My own experience has been that there's no correlation between where the dev graduated from and how productive/valuable/etc they've been at work. I've seen just as many rock-star bootcamp grads as I have complete wastes of space from Stanford/CMU/MIT.

rickosborne | 4 years ago | on: Ask HN: Does your job make the world a better place?

My current job is in biotech, writing cloud software which helps clinicians (and researchers) gather supporting evidence for their diagnoses. The install base is small, so it'd be hard to claim it makes the _world_ a better place. But it's a start.

I'd love to do more with it, because the software could actually help discover and refine the biomarkers which would inform diagnoses, instead of the other way around. But the FDA (and other similar regulatory bodies) have strong opinions on the distinctions between Clinical Decision _Support_ software, and _Diagnostic_ software. I think this job could have a much larger impact, but it's going to take the industry another 10 years worth of iteration to get comfortable with how modern cloud software changes medical device development.

My job before this was in ad tech. Another poster said everything I would, so I'll just say No, nothing in ad tech makes the world better.

Before that I was a teacher at a for-profit university. This is a harder call. I had a measurably positive impact on students, who have turned around and had their own positive impacts on the world. (I regularly see at least one former student here on HN.) But I left the job, at least in part, because the financial burdens the students were bearing wore down my enthusiasm.

Before that, I worked for a company which made office and art supplies. We had some pretty good school supply programs, and I got to see kids light up when we brought in boxes of paints and clays. Arguably, this job made the world better, albeit in a small way.

rickosborne | 6 years ago | on: Self-hosted, super simple photo stream

Hey, they fixed it!

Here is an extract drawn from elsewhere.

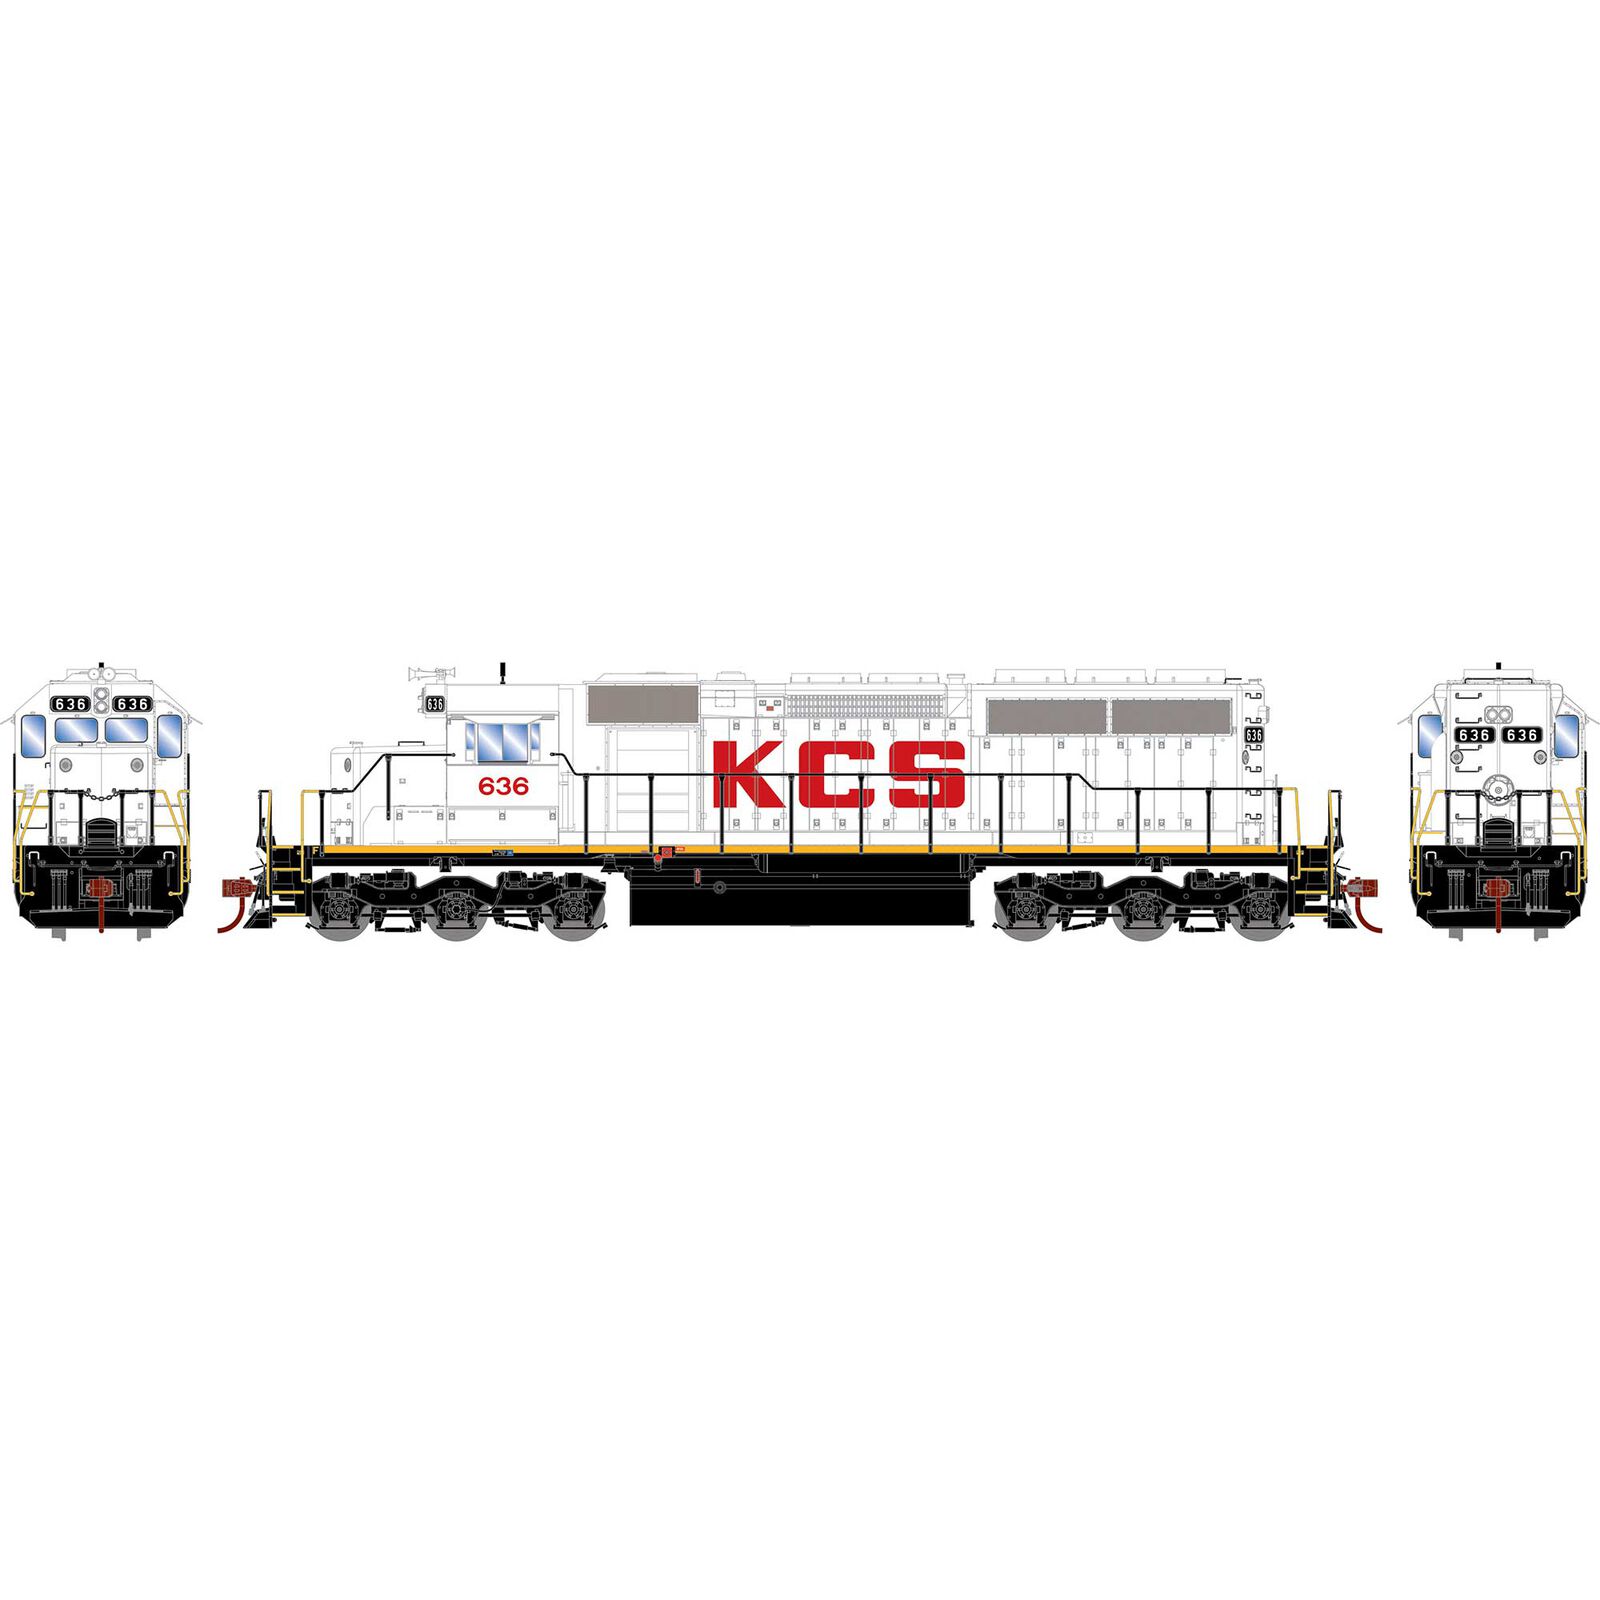 HO SD40 Locomotive, Kansas City Southern #636

It's amazing what 2 months can do. The previous version had some pretty borked handling of public timelines.

Having said that, it still requires a bit of hackery. There's no way to get rid of the home/landing page if there's the one user account, so you have to do a bit of php/apache/nginx/whatever magic to redirect past it to your user timeline.

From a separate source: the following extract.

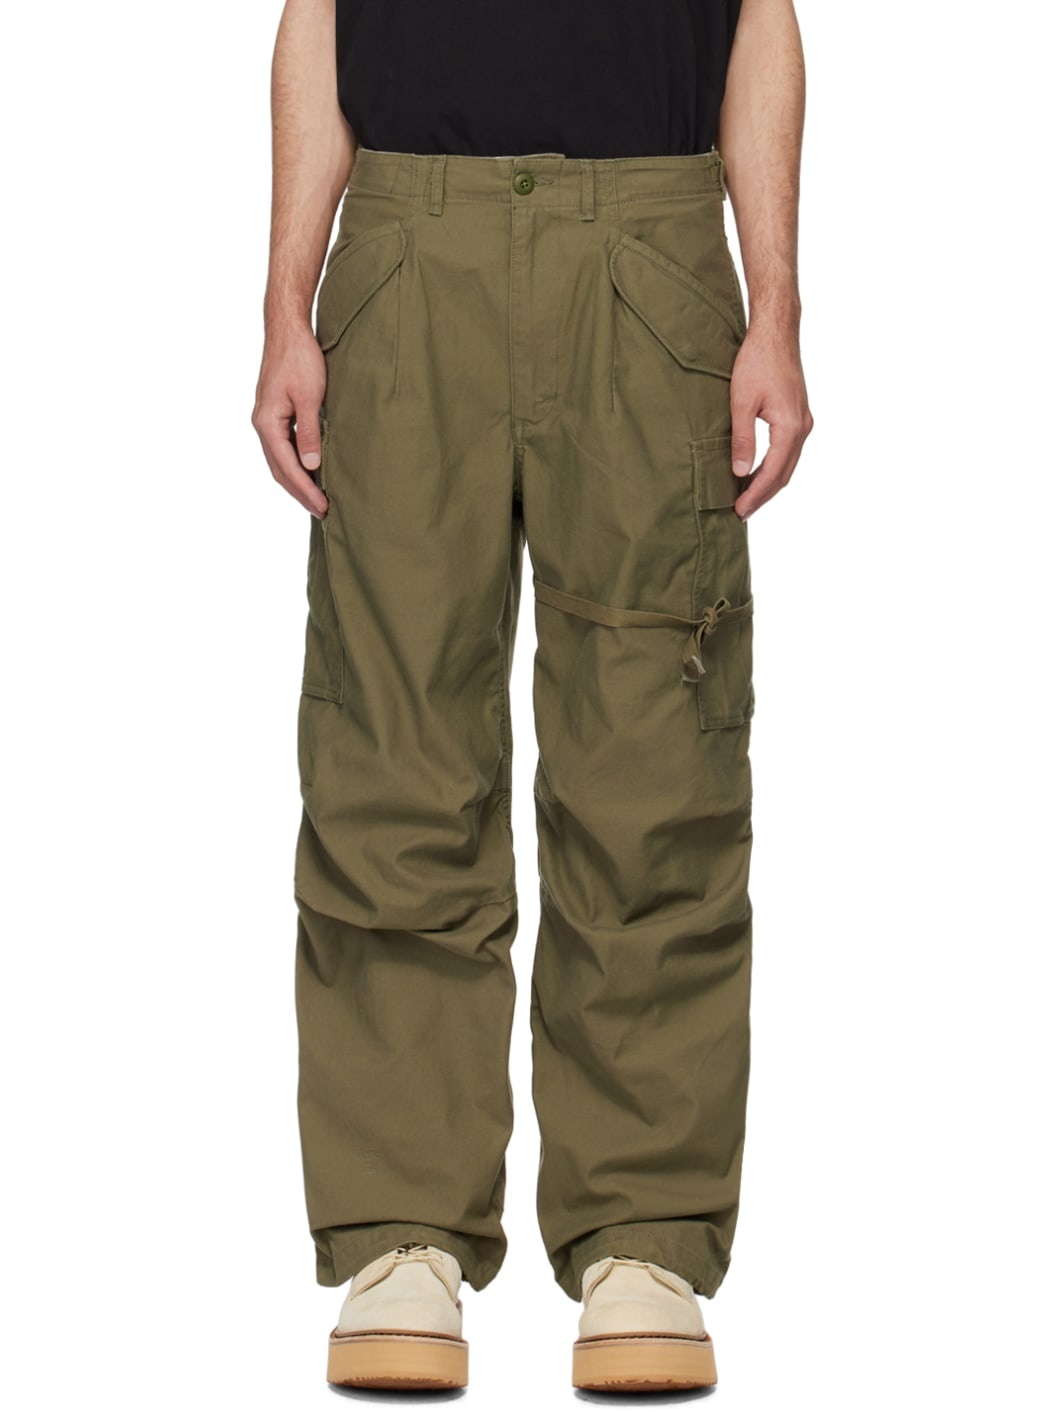 Khaki Mark Military Cargo Pants - 1

rickosborne | 6 years ago | on: Self-hosted, super simple photo stream

But it's worth noting that Pixelfed is intended to be your own walled garden - there's no "here's my public photo stream" configuration. It's intended more like a friends-and-family thing.

That being said, it's open source, so there are hacks to make your stream public. But they're hacks, and you're not going to get that out of the box.